> [DATA SHOWN]
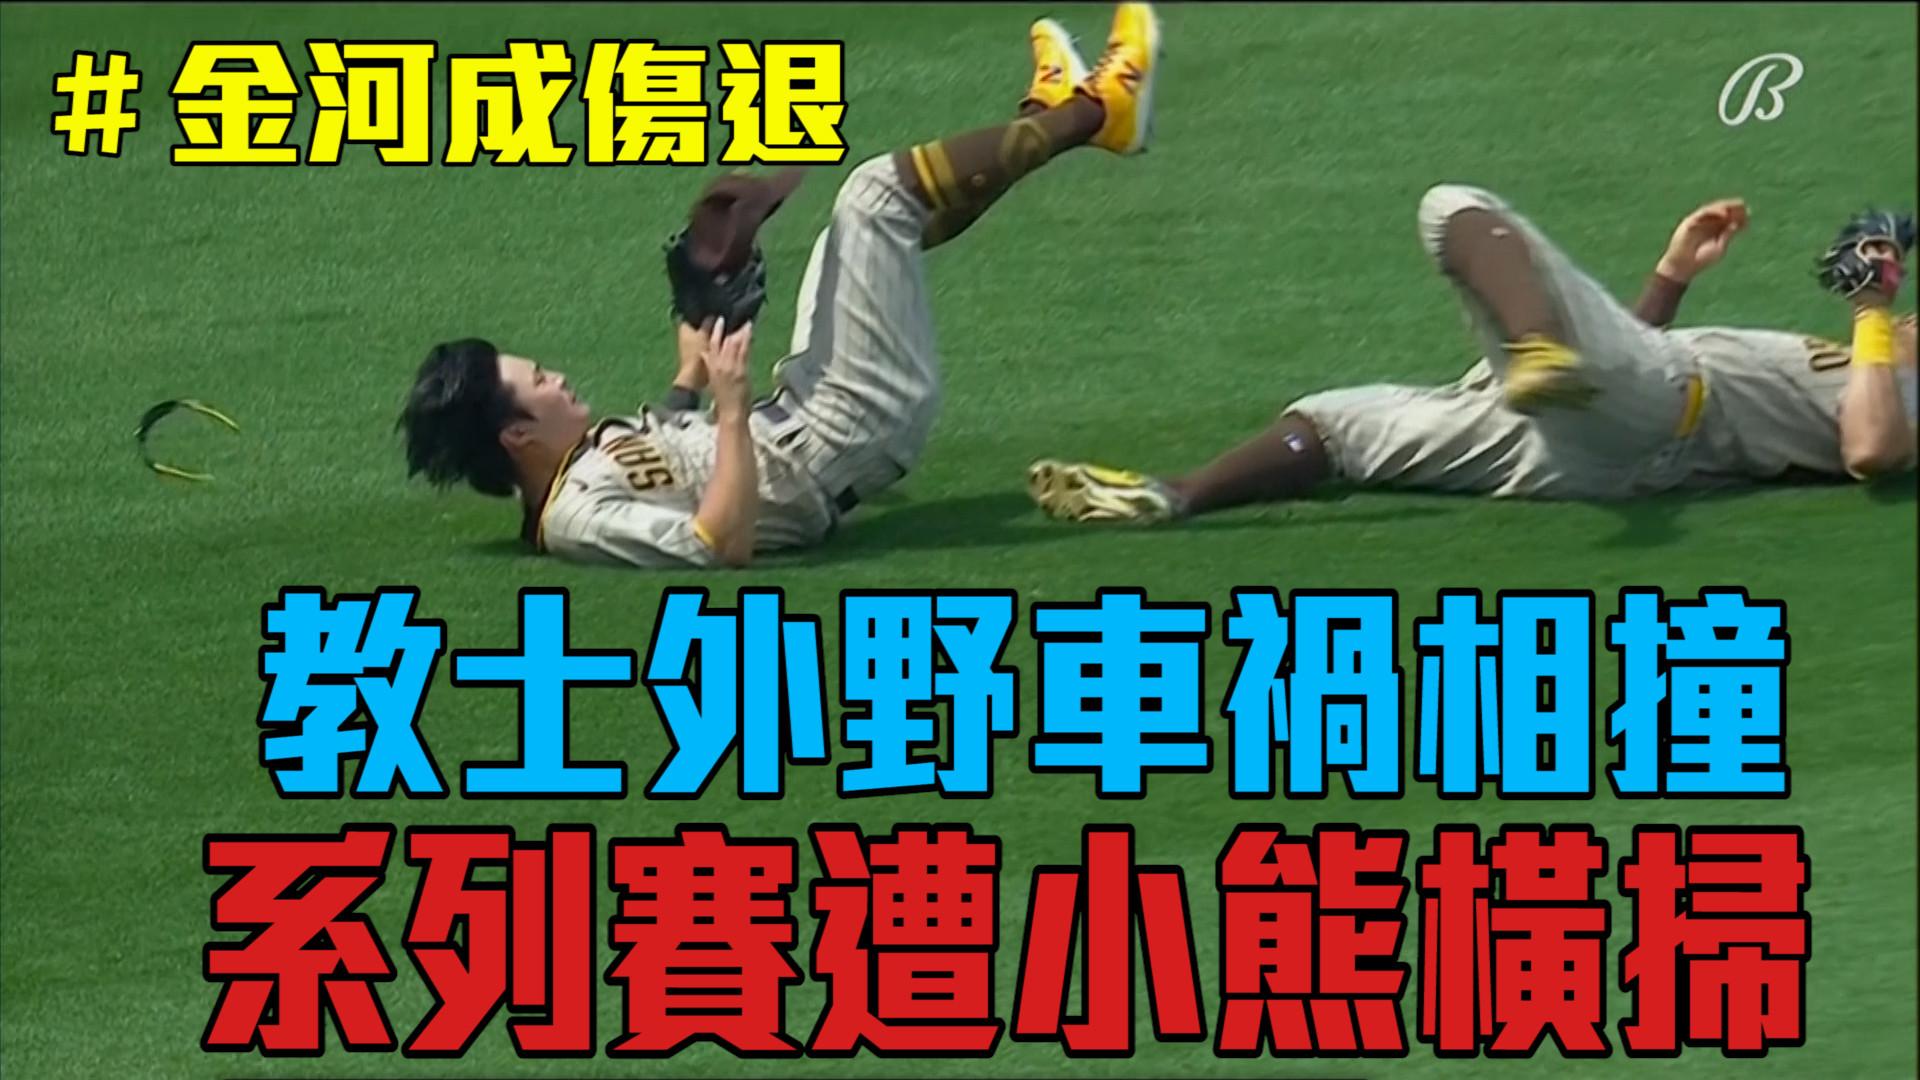 【MLB看愛爾達】金河成與隊友相撞 小熊系列賽橫掃教士 06/03
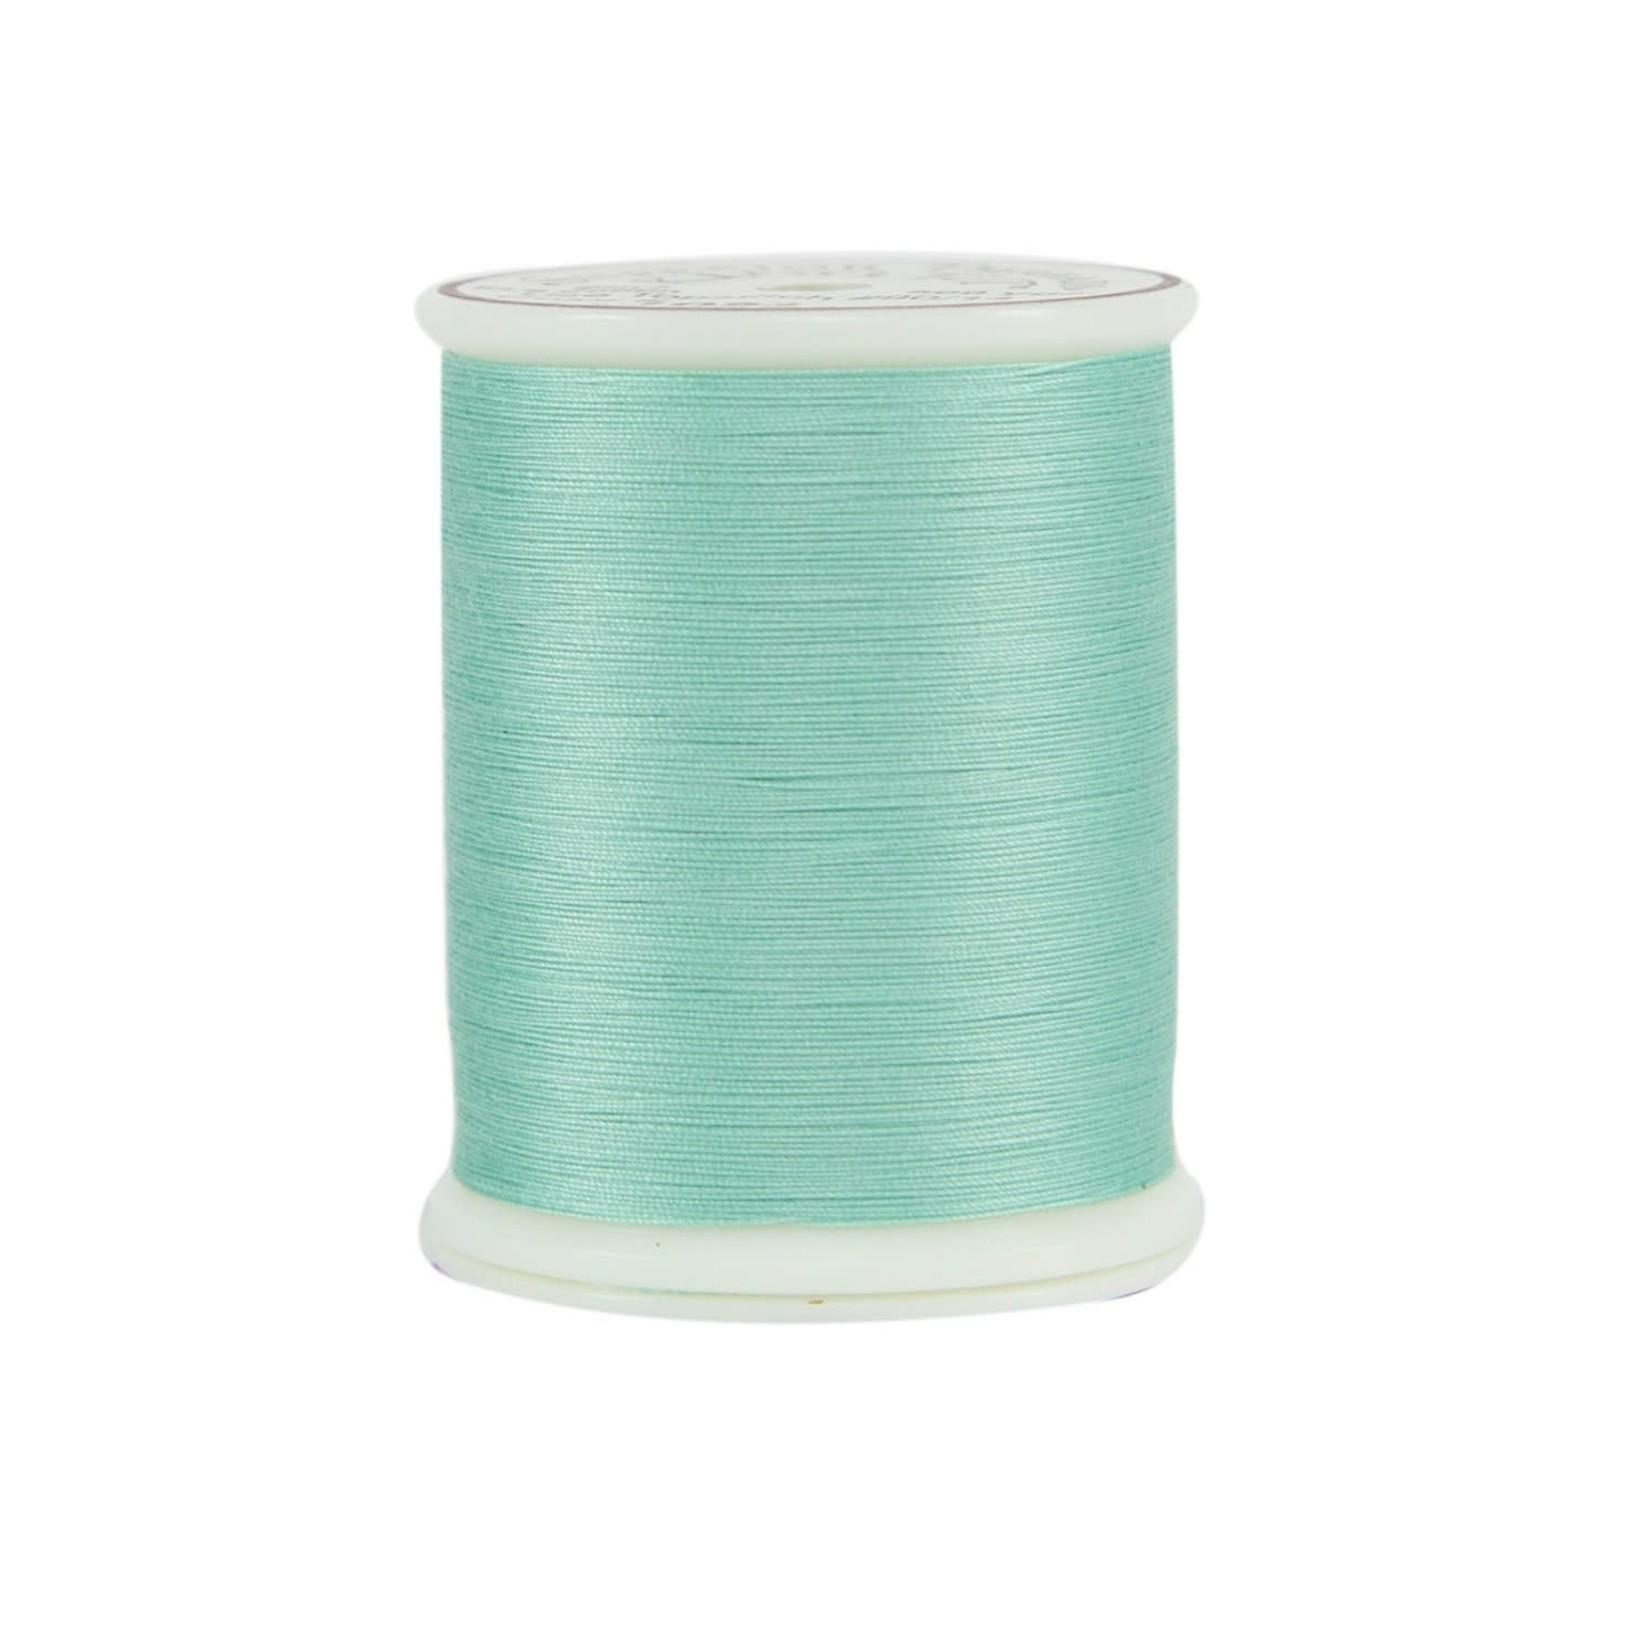 Superior Threads King Tut - #40 - 457 m - 1023 Mint Julep
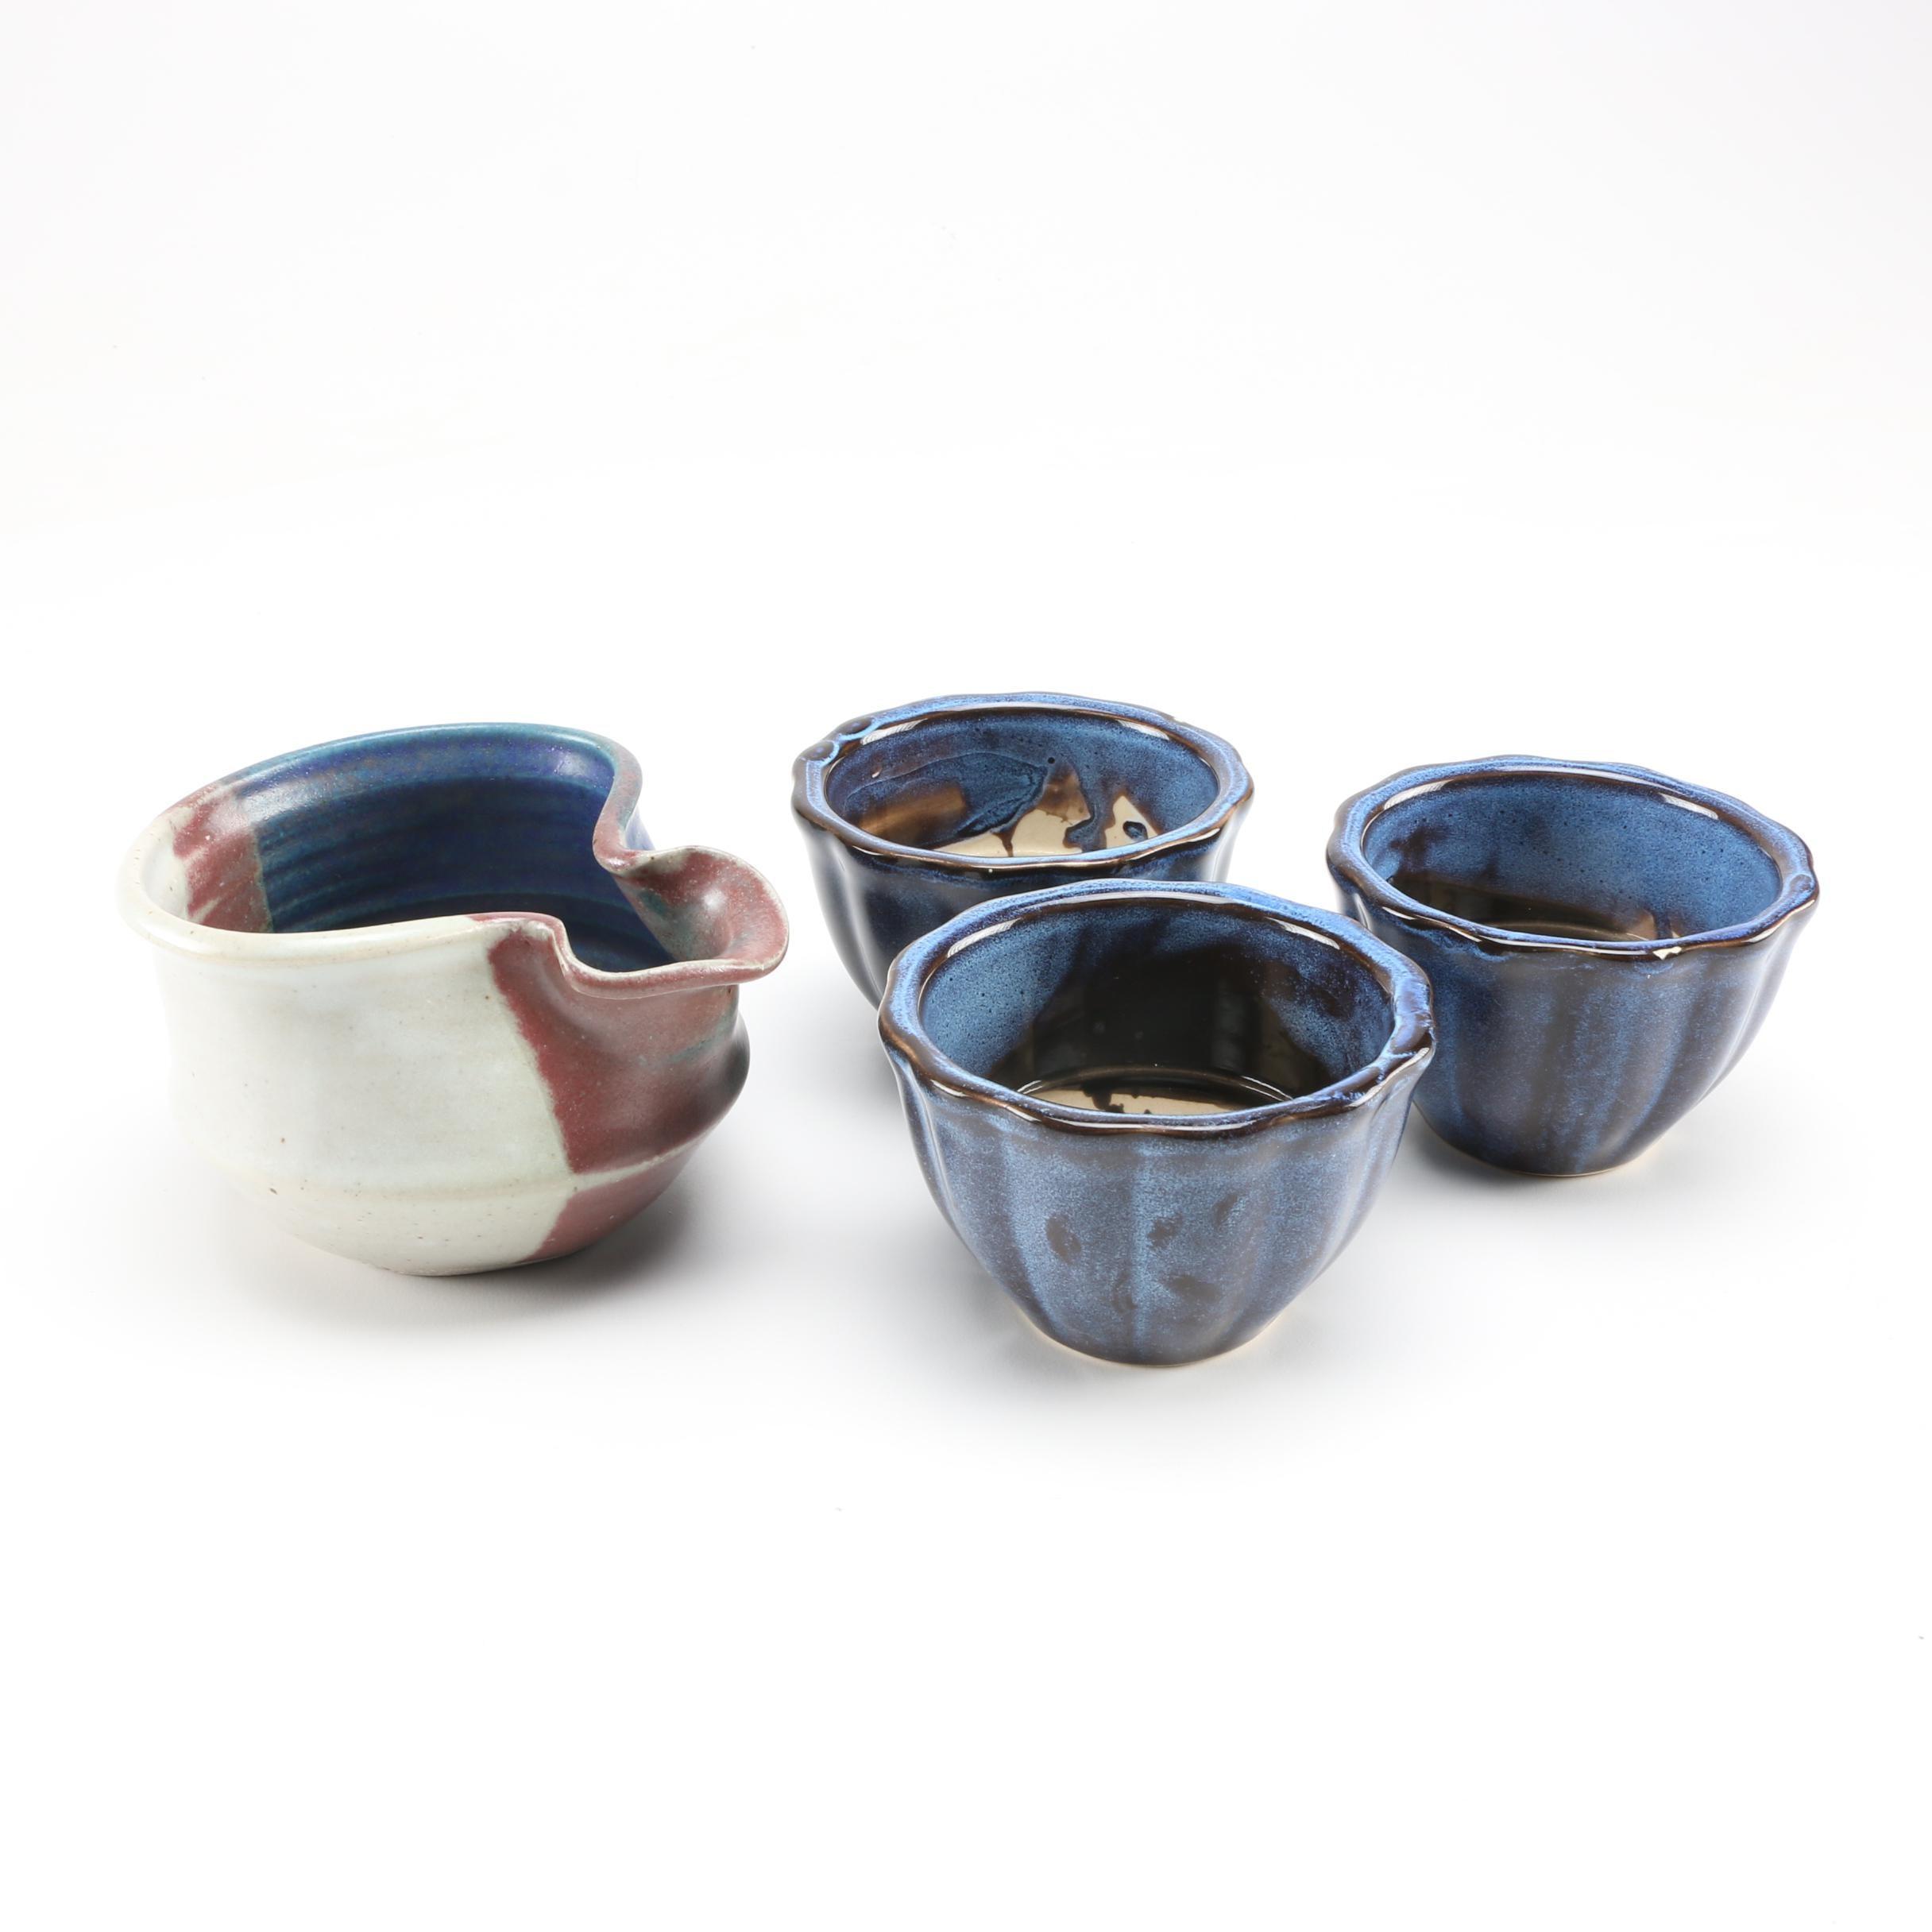 Hand Thrown Stoneware Batter Bowl and Bowl Set

> [EXERCISE] Reproduce the lines above exactly, please, but not the pictures in them.

> [EXPECTED ANSWER]
 【MLB看愛爾達】金河成與隊友相撞 小熊系列賽橫掃教士 06/03
 Superior Threads King Tut - #40 - 457 m - 1023 Mint Julep
 Hand Thrown Stoneware Batter Bowl and Bowl Set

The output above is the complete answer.